The latest
Environmental History has a
review by Brian Frehner of Terence Daintith's
Finders Keepers?: How the Law of Capture Shaped the World Oil Industry (RFF/Earthscan, 2010). Frehner writes:
Much has been written about the history of oil and gas law within the United States, but few authors have provided an accessible entreé into the subject. Daintith has undertaken a daunting task by revisiting the subject and attempting to expand on it by approaching the topic in a comparative manner.
He goes on:
The author organizes the book's thirteen chapters into five sections to argue that the rule of capture was practiced worldwide but that its unique implementation in the United States had ramifications beyond the country's borders. The first section surveys the nineteenth-century historical context in which the rule of capture developed, and the second section presents case studies in countries that offer “alternatives and parallels” of US oil and gas production and regulation. The third section explores how the rule of capture brought politics and industry within the United States into an increasingly complex and intertwined relationship throughout the twentieth century and offers a provocative assessment of its impact on hydraulic fracturing.
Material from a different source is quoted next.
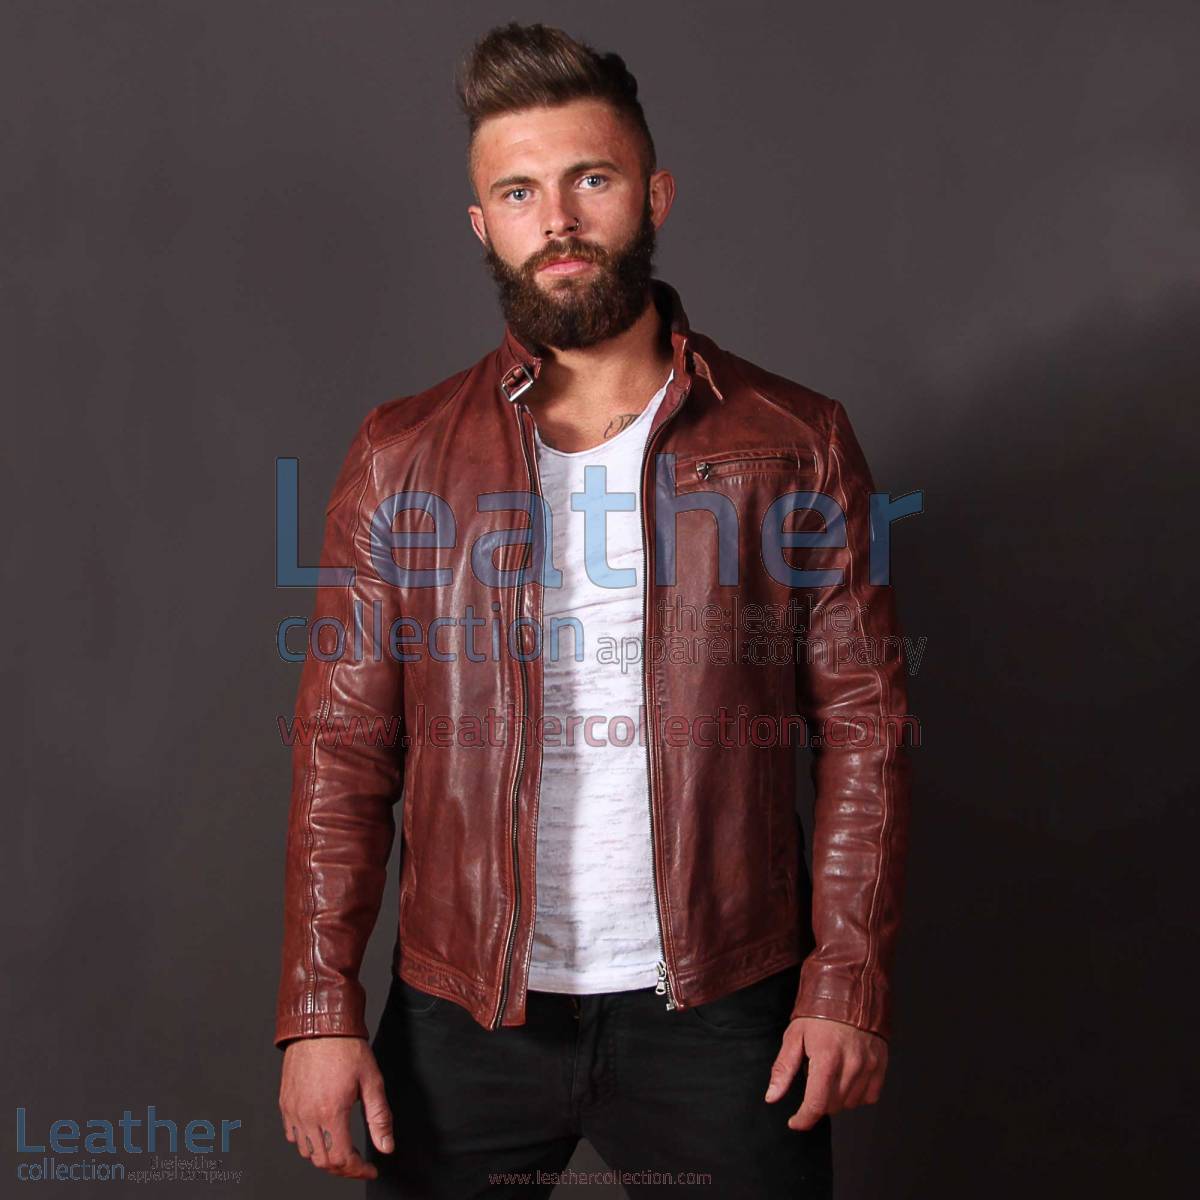 Jazz Leather Jacket for Men | leather jacket for men,jazz jacket

The last section most clearly conveys the author's perspective on what ails the oil industry past and present, and he asserts a simple remedy: “Put the rights in one pair of hands, those of the state,” and petroleum resources will be produced without waste (p. 305). This bold declaration would have better served the author's purpose if foregrounded in the introduction and argued more consistently throughout the book rather than introduced in the final section. One suspects early that the narrative will present a critique of capitalism's ability to regulate oil resources, but the author only hints at this point until articulating it specifically in the final section.